UP UP F-BASIC ROM/disk mode
UP down Bubble memory
down UP DOS
down down Reserved/unused (or 8” DOS?)

Take the ROMs to the PROM

Something was still bothering me. Maybe you noticed it in one of the previous pictures. The ROM closest to the CPU isn’t a mask ROM, like the other ones on the motherboard. No, it’s a UV EPROM. If there were other modifications done to the system, then maybe the person who had it before put something cool in ROM! So… what’s on that ROM?

I did a little bit of poking around and found two plastic-package EPROMs: SM11-14, and SN11-11. According to Retro PC Gallery, these are the stock Fujitsu 5.25” floppy BIOS and the font ROM, respectively. I also found a ceramic package chip with a sticker, which I’m also assuming is an EPROM, marked SL11-11, and what appears to be some kind of small PLD or bipolar PROM, SK11-11. I wasn’t able to find any documentation on these parts, but I’m assuming they are all stock.

So, no new cool software, but it’s fun to look at how many ROMs this considerably expensive machine held. If I am understanding other sources correctly, then there is some kind of ROM-resident Forth out there that I would like to try and get running on this machine in the future.

In the meantime, this FM-8 is running, and it’s ready for all kinds of other shenanigans. I have a couple things I would like to explore:

  • The software catalogue, including the few games made available for it;
  • Disk drive interfaces, maybe even an emulated one;
  • Implementing the HERO-09 clone. I’m pretty sure we can build one for less than ¥9000 plus shipping, even if we do need to buy an IDC DIP connector.

Repair Summary

Fault Remedy Caveats
CPU is missing. Put the correct 68B09P CPU in. Do not put in an “E” CPU.
Does not boot after CPU replacement. Change bootstrap DIPs 9 and 10 from “DOS” to F-BASIC ROM (UP/UP)  
  1. There appears to be an article later, in the June 1983 edition, where they discuss fixes for floppy drive compatibility when using the HERO-09. The HERO-09 introductory article is reprinted in the FM-7/FM-8 Application Note mook, as well. 

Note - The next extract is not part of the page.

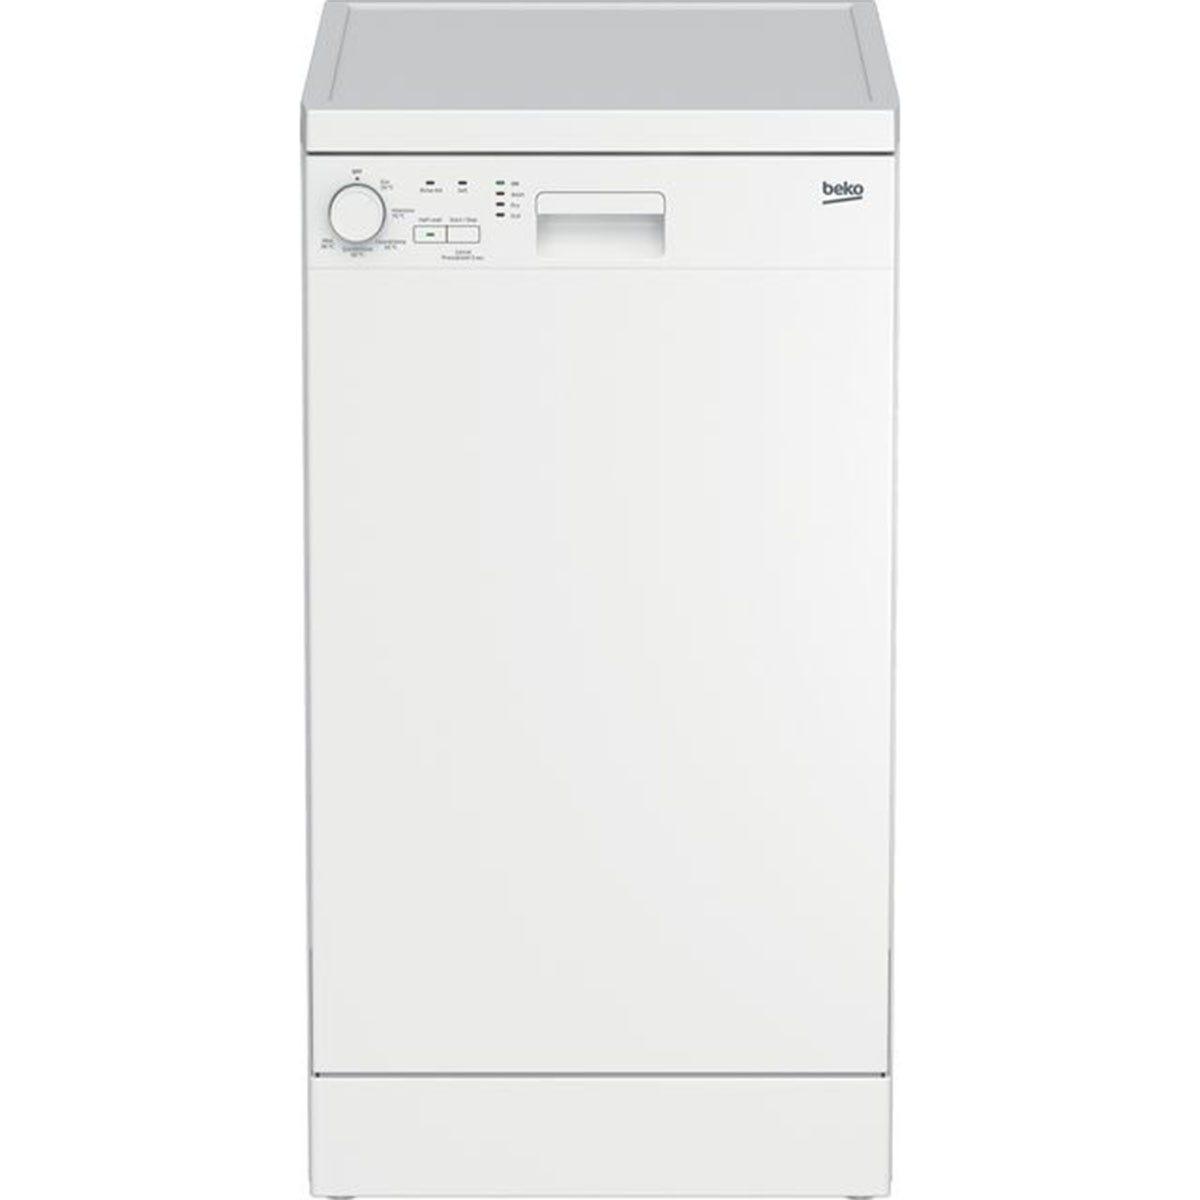 Beko DFS05020W Slimline Dishwasher - White
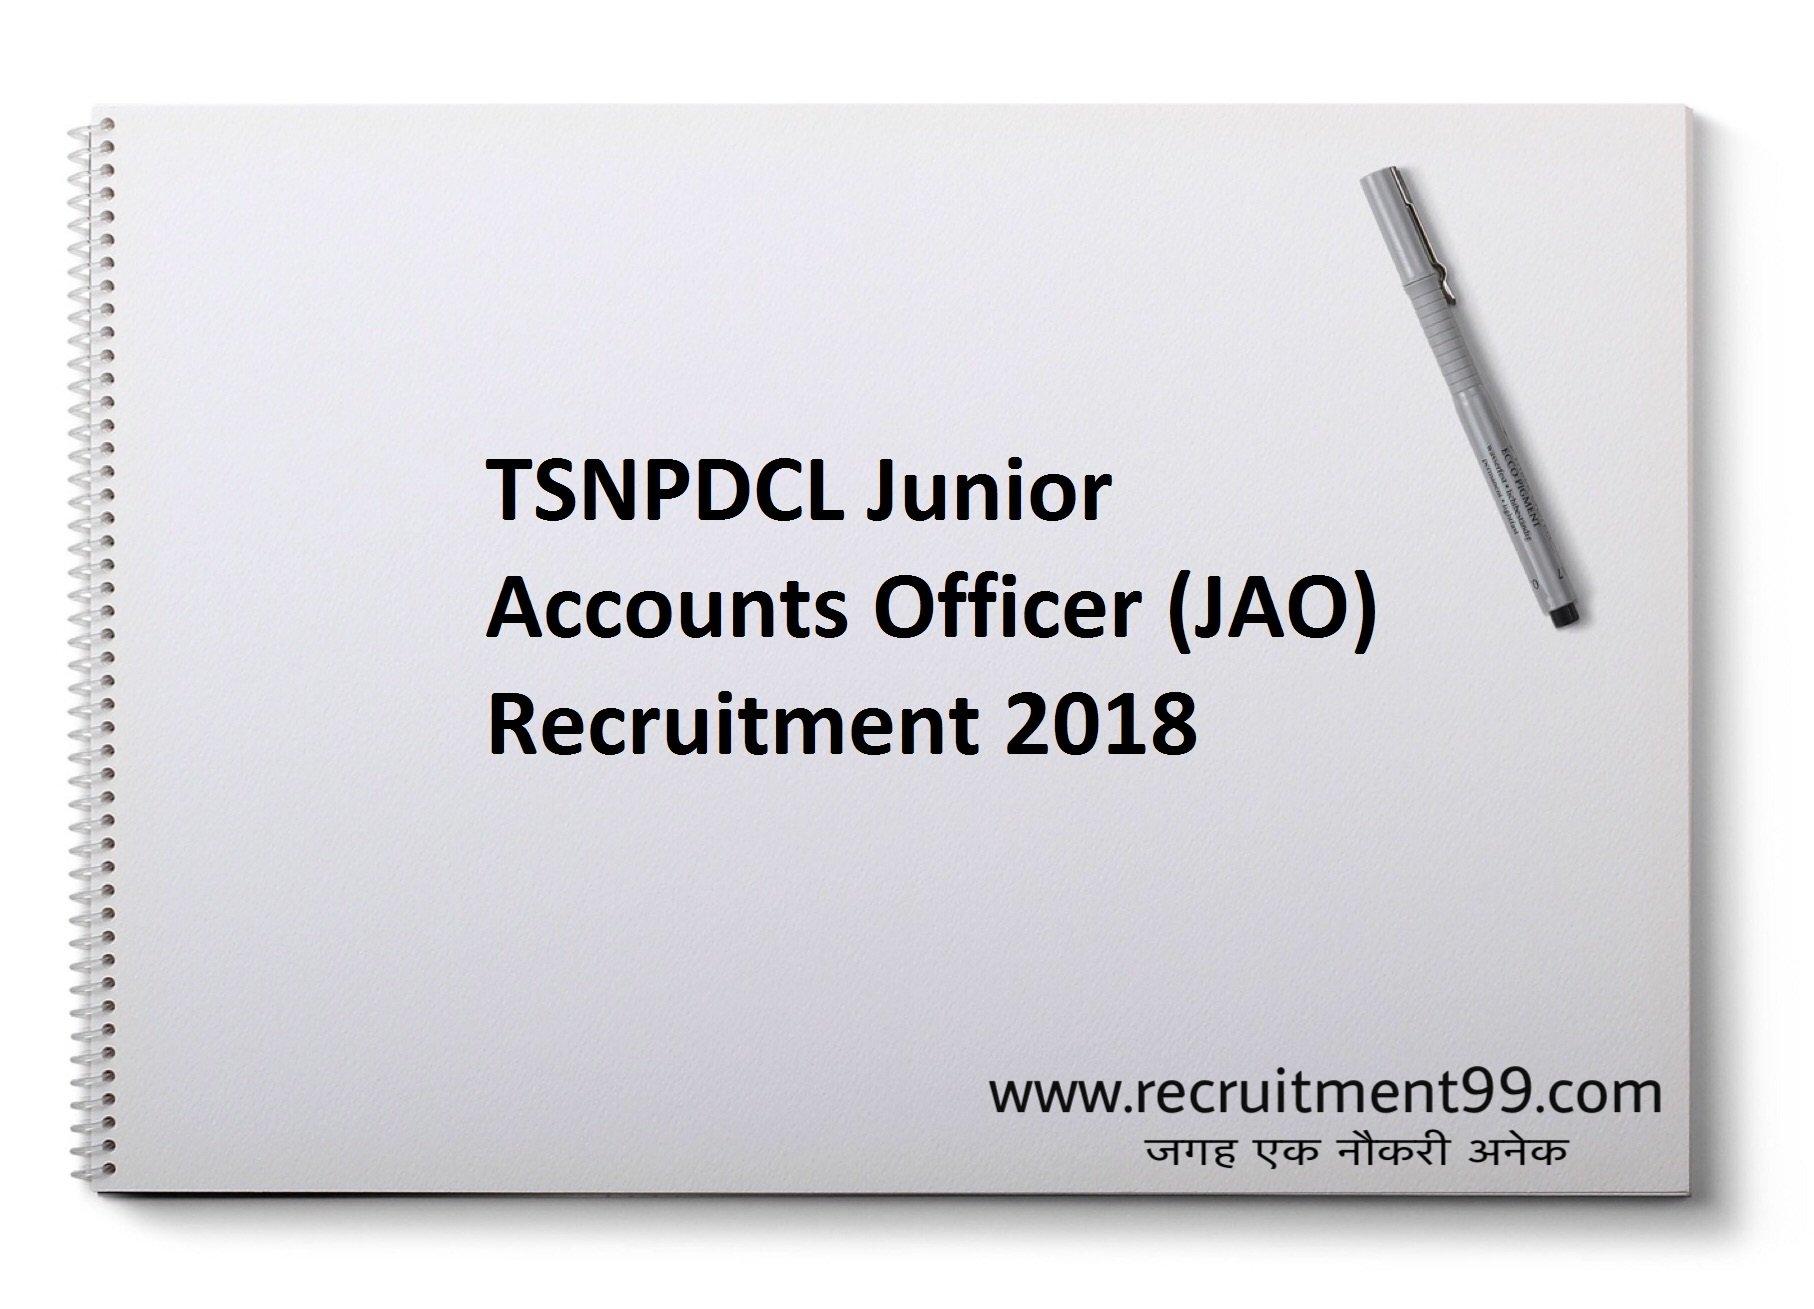 TSNPDCL Junior Accounts Officer JAO Recruitment Admit Card Result 2018

  2. The “B” indicates a higher clock speed than the standard issue. According to the Hitachi HD63B09 datasheet, the “B” part is good to 8MHz, unlike the “A” part which is 6MHz, and the unmarked part which is 4MHz. 

  3. Tons of Japanese computers use this pinout for TTL-level RGB, making it almost a de facto standard in my book. This might be the most useful piece of hardware I’ve ever made.